Published at the 46th International Conference on Software Engineering (ICSE 2024), April 14-20 2024

Approach Overview


Introduction Software development involves creating various artifacts at different levels of abstraction and establishing relationships between them is essential. Traceability link recovery (TLR) automates this process, enhancing software quality by aiding tasks like maintenance and evolution. However, automating TLR is challenging due to semantic gaps resulting from different levels of abstraction. While automated TLR approaches exist for requirements and code, architecture documentation lacks tailored solutions, hindering the preservation of architecture knowledge and design decisions.

Methods This paper presents our approach TransArC for TLR between architecture documentation and code, using component-based architecture models as intermediate artifacts to bridge the semantic gap. We create transitive trace links by combining the existing approach ArDoCo for linking architecture documentation to models with our novel approach ArCoTL for linking architecture models to code.

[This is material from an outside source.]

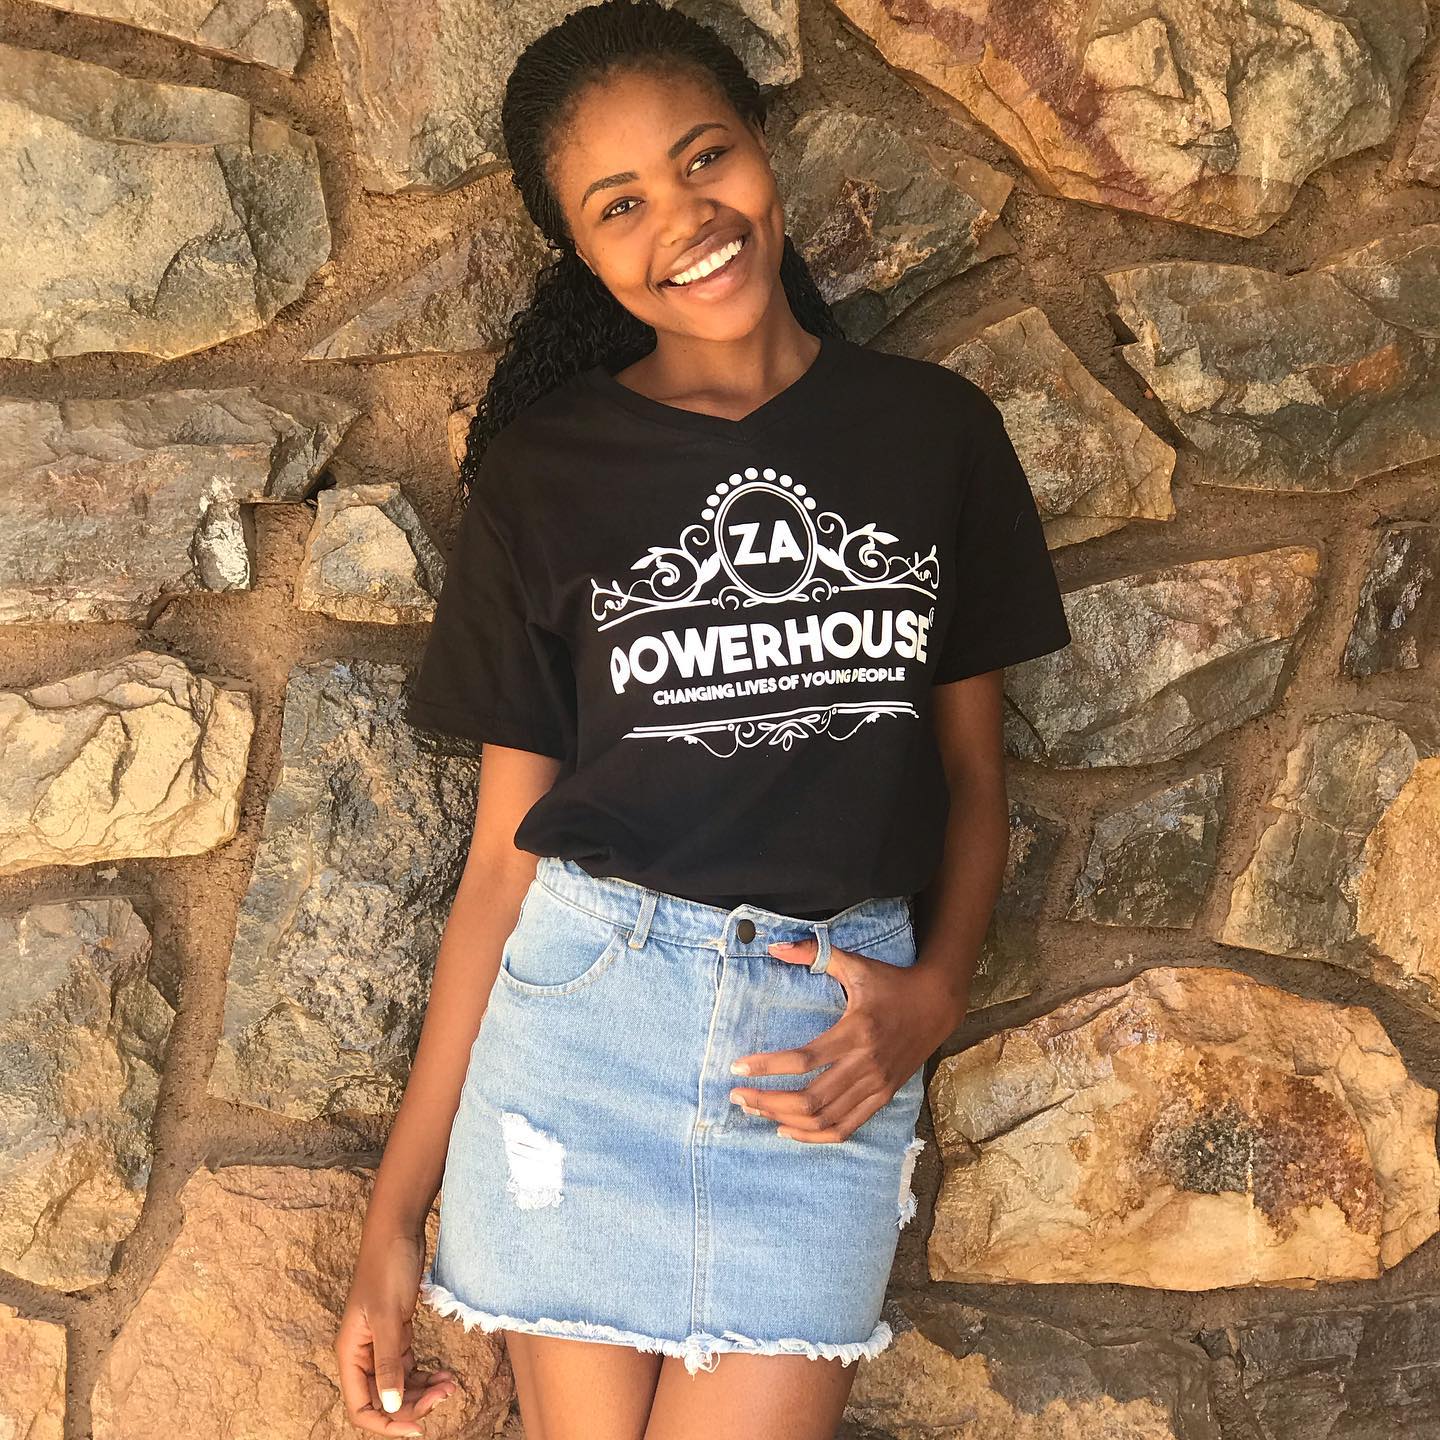 Zanele Phakathi Wearing Za Power House T-Shirt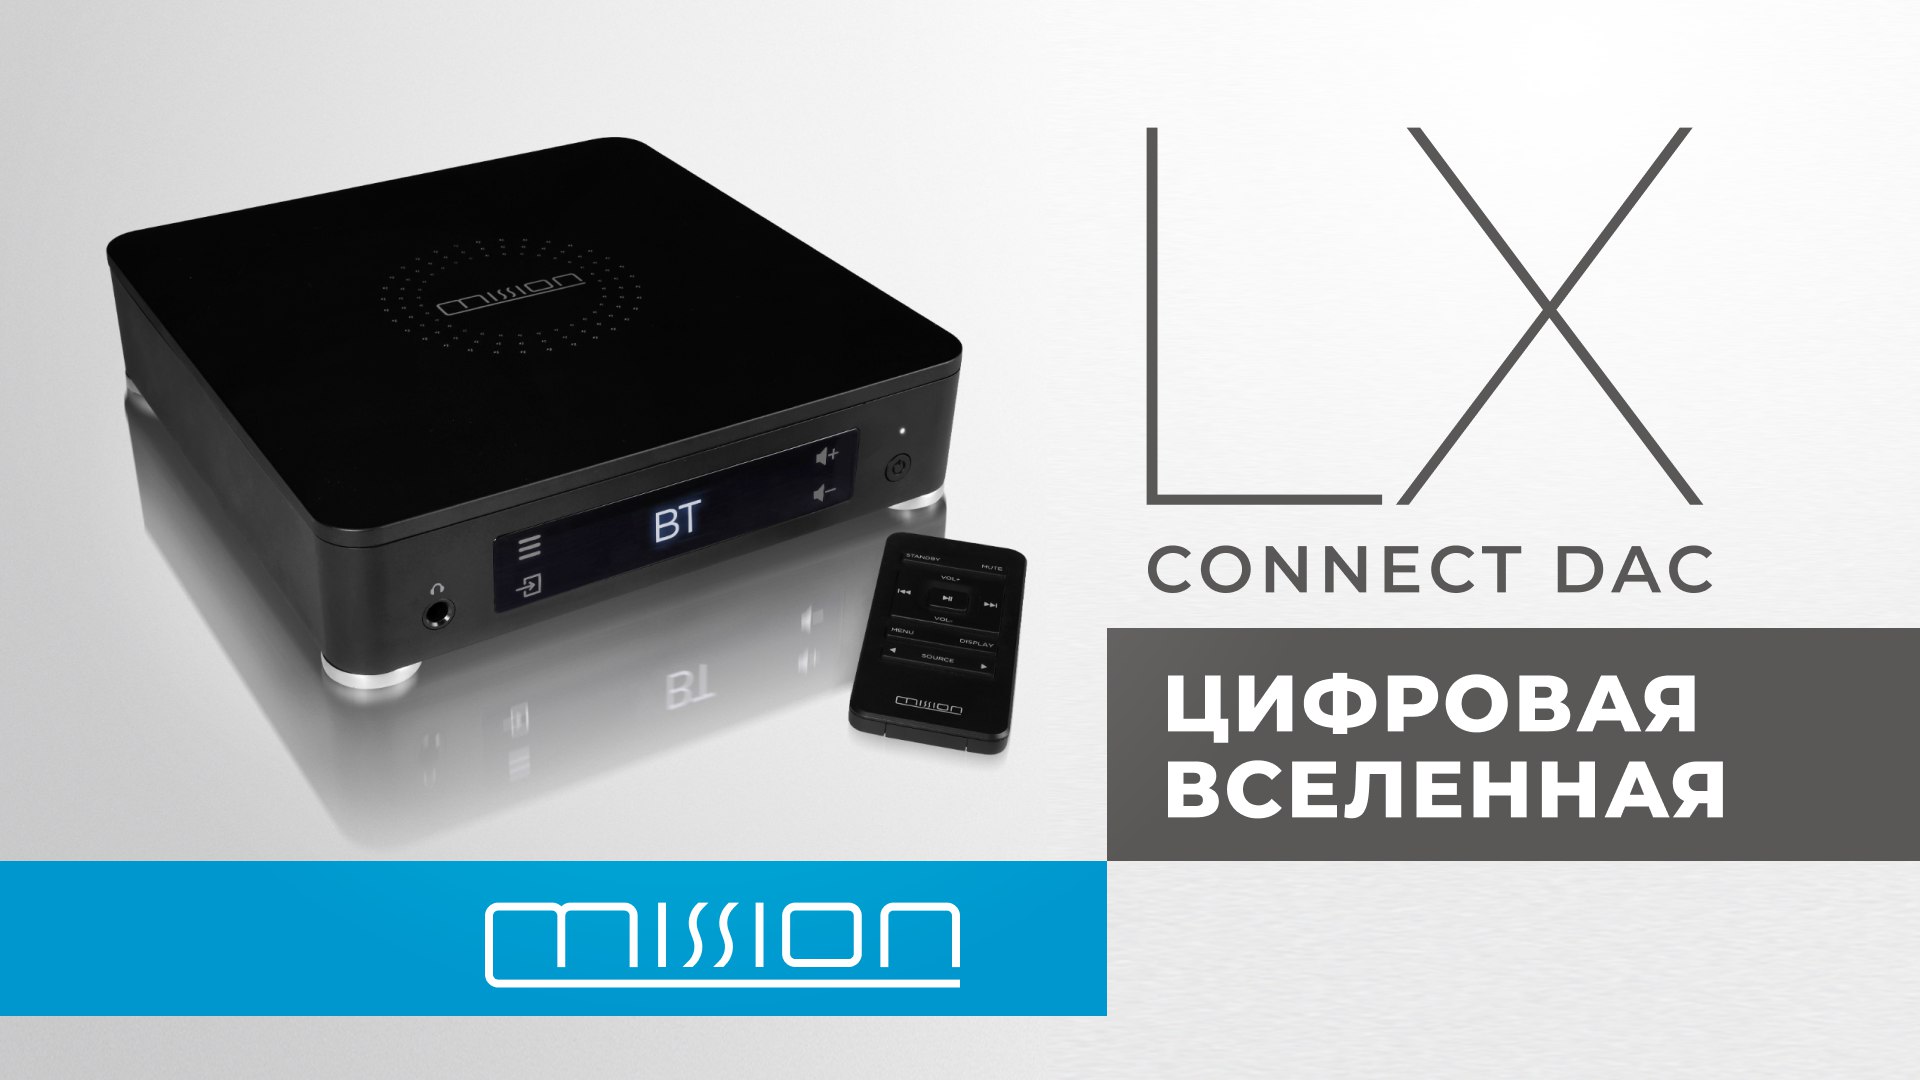 Mission LX Connect DAC | Цифровая вселенная!

Results We evaluate our approaches with five open-source projects, comparing our results to baseline approaches. The model-to-code TLR approach achieves an average F1-score of 0.98, while the documentation-to-code TLR approach achieves a promising average F1-score of 0.82, significantly outperforming baselines.

Conclusion Combining two specialized approaches with an intermediate artifact shows promise for bridging the semantic gap. In future research, we will explore further possibilities for such transitive approaches.